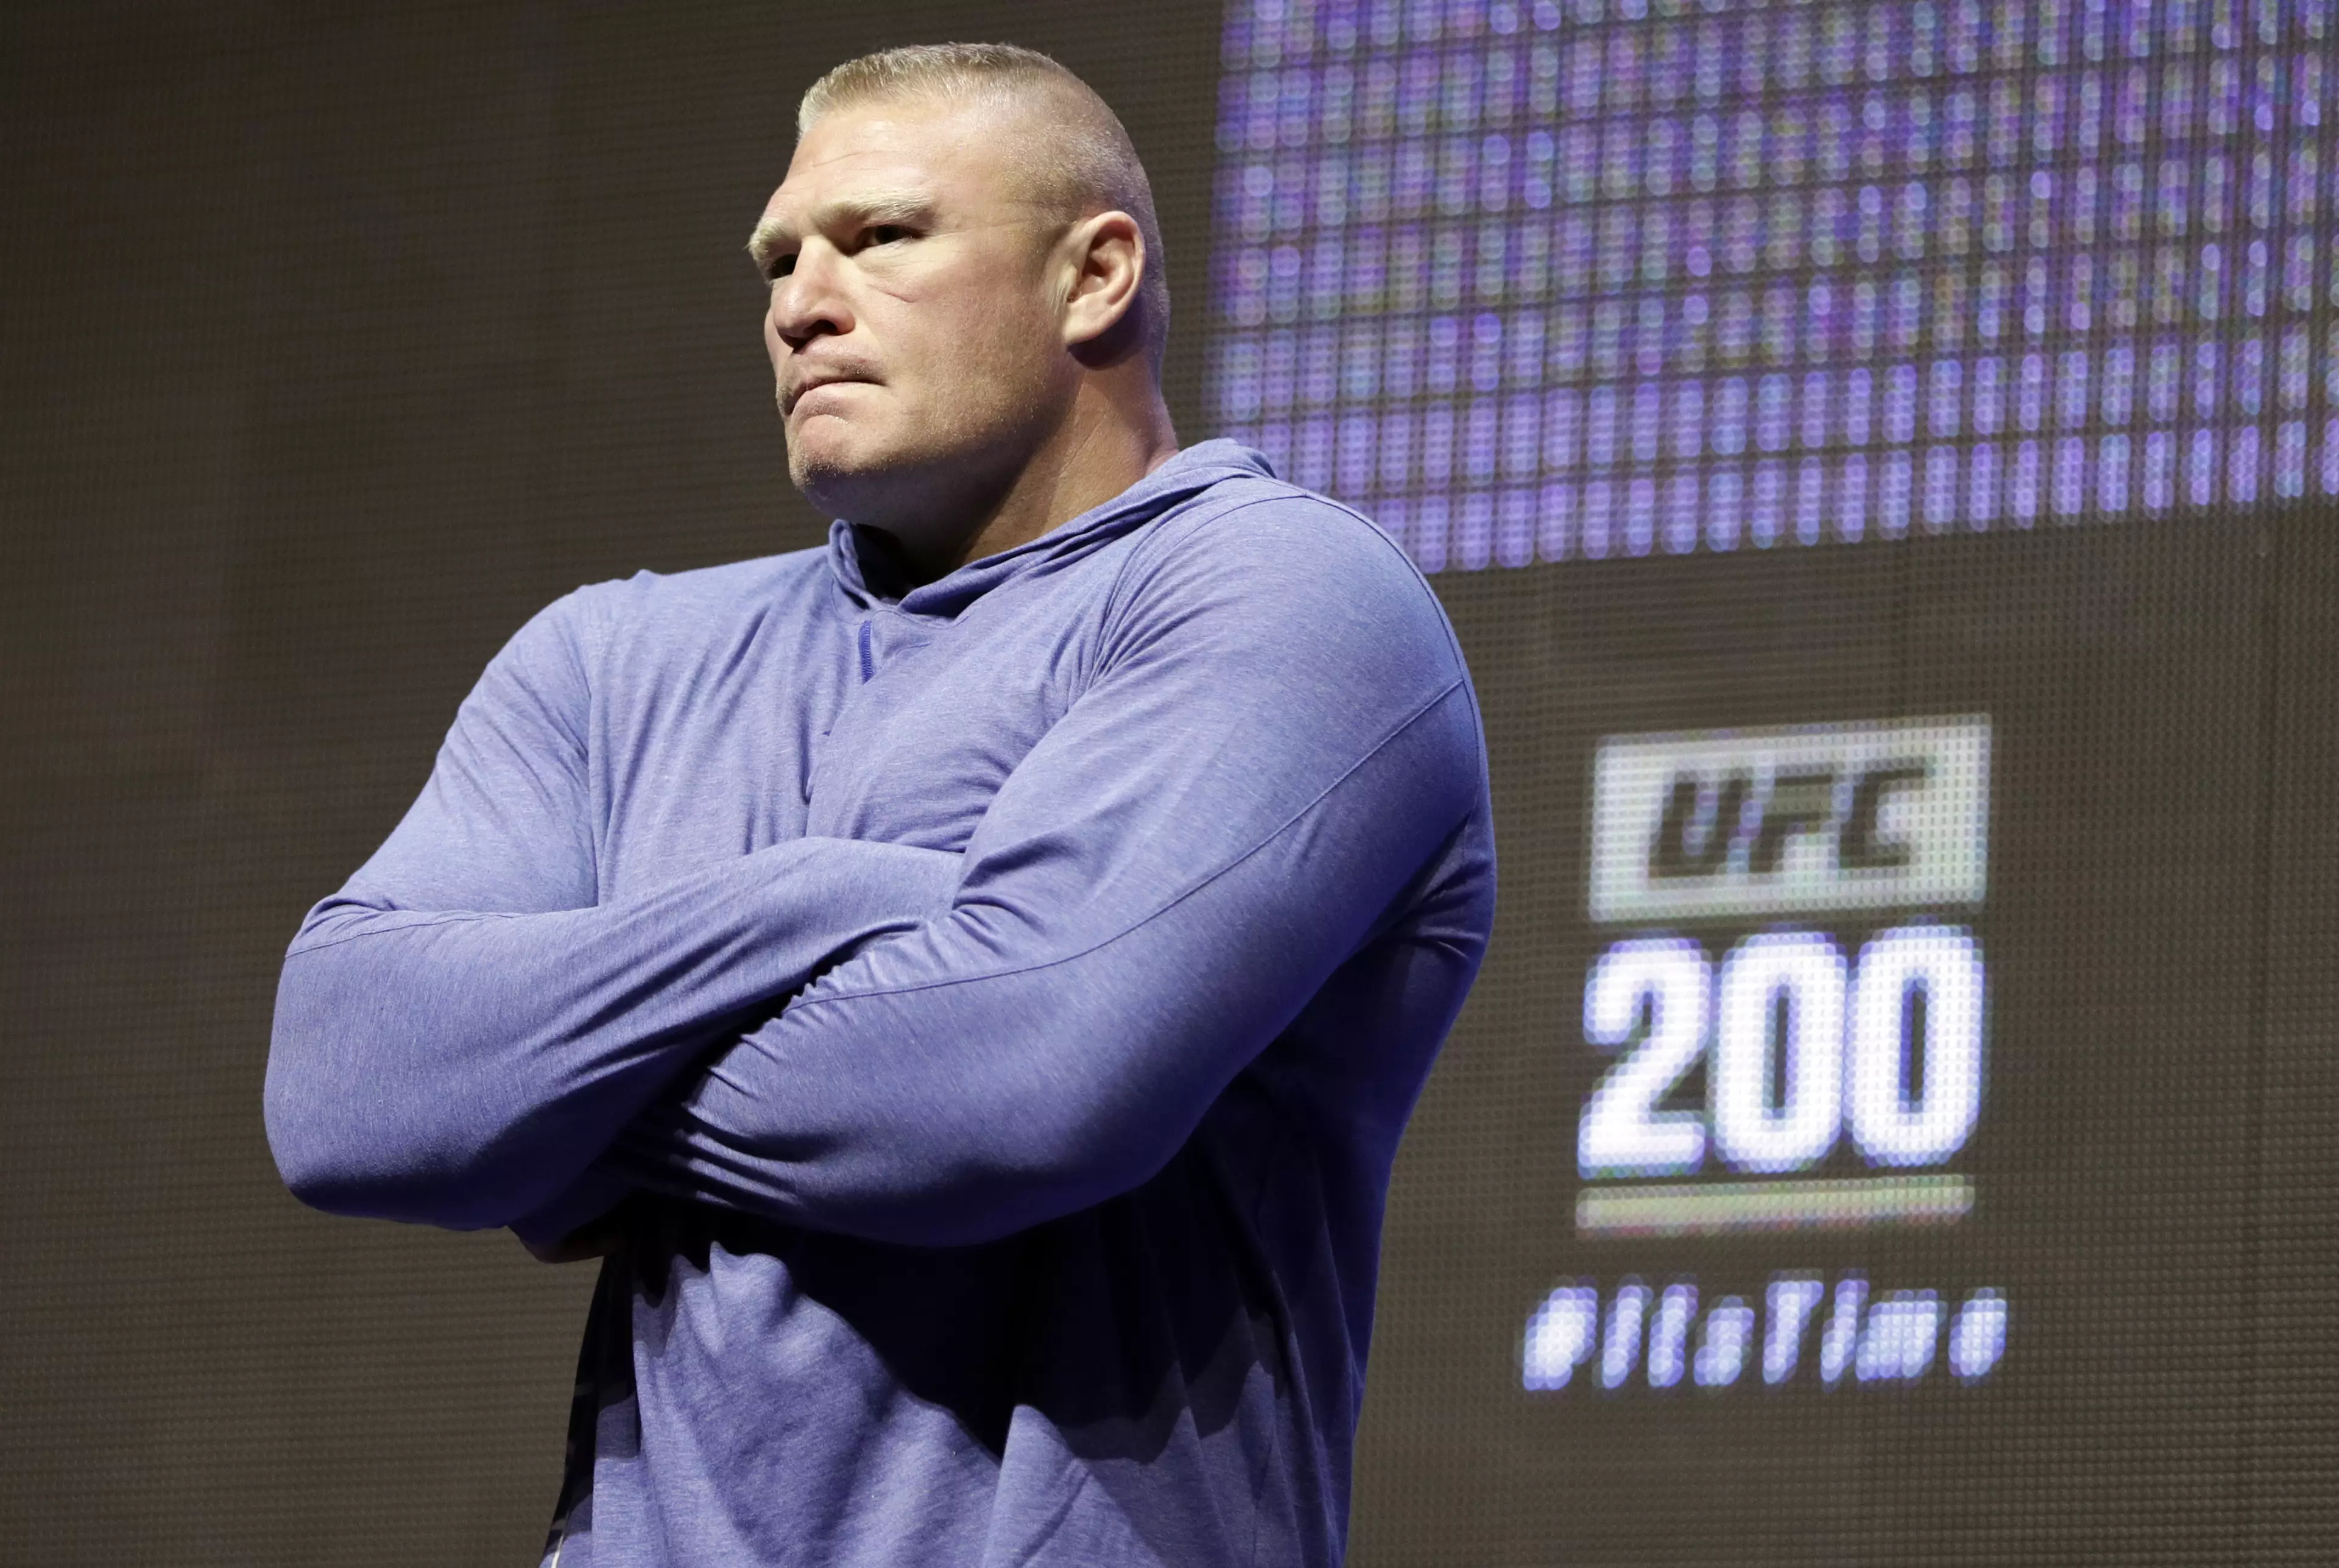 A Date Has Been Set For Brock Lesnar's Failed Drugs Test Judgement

--

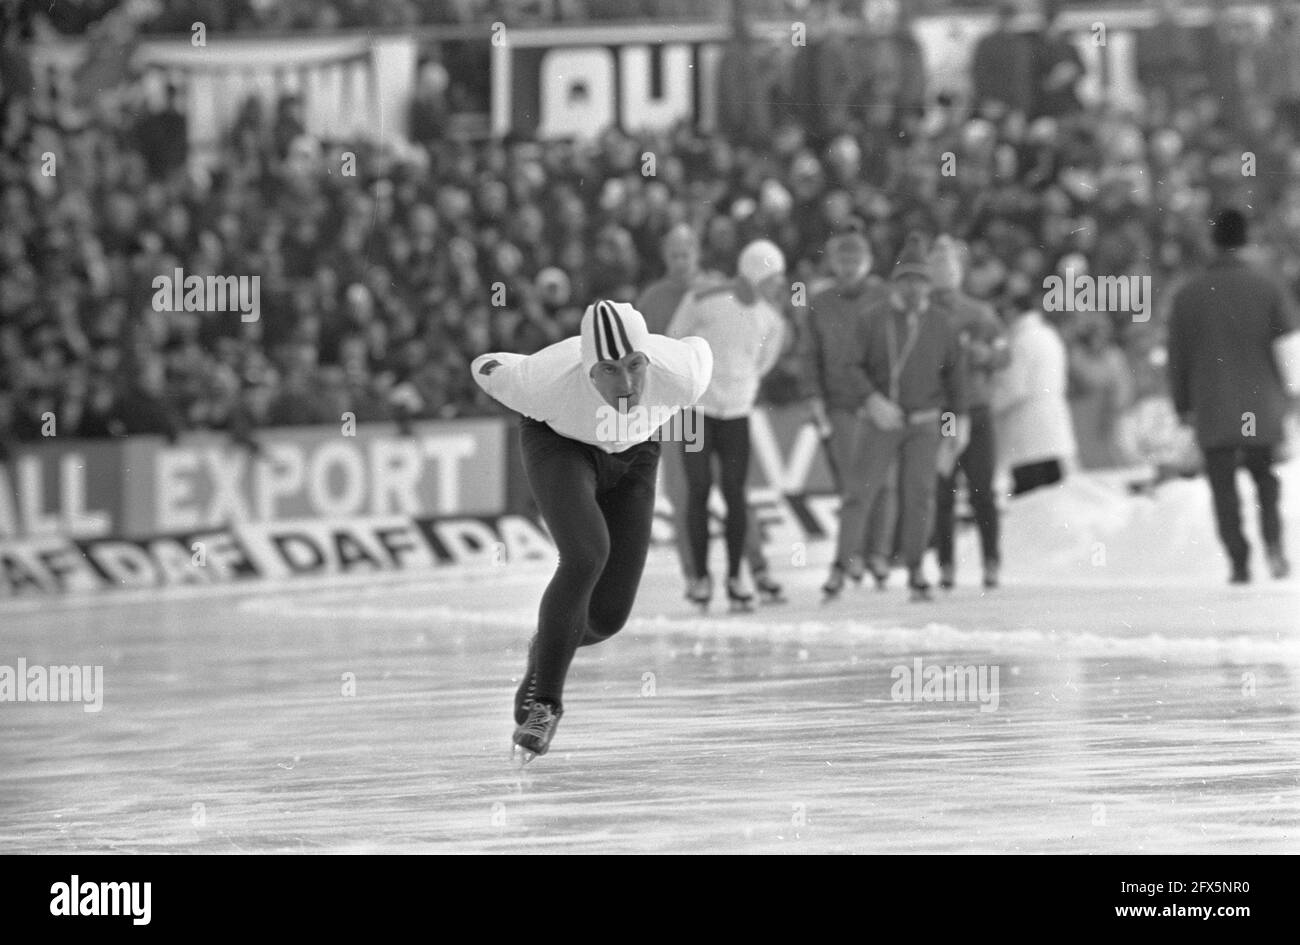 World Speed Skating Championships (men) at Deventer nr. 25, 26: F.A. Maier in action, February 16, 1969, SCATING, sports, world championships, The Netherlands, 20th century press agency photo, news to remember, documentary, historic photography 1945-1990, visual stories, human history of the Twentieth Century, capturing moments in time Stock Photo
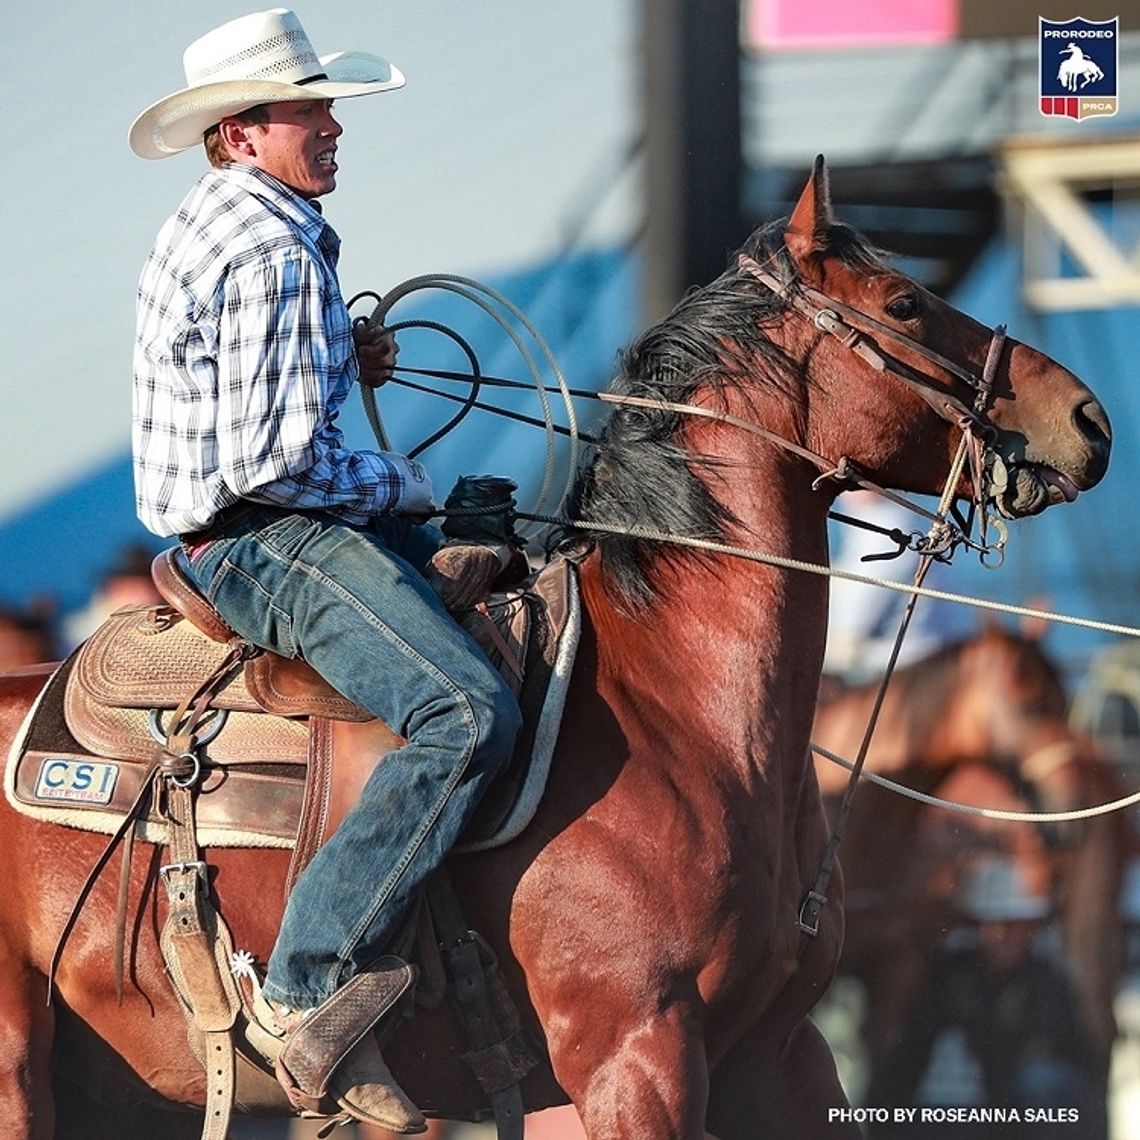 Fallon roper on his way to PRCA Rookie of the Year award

> _EXERCISE_: Quote the lines above exactly, starting with the one that has "World Speed Skating" and ending with the one that has "Fallon roper on"; drop the pictures and include nothing else.

> _REPLY TO THE TASK_:
 World Speed Skating Championships (men) at Deventer nr. 25, 26: F.A. Maier in action, February 16, 1969, SCATING, sports, world championships, The Netherlands, 20th century press agency photo, news to remember, documentary, historic photography 1945-1990, visual stories, human history of the Twentieth Century, capturing moments in time Stock Photo
 Fallon roper on his way to PRCA Rookie of the Year award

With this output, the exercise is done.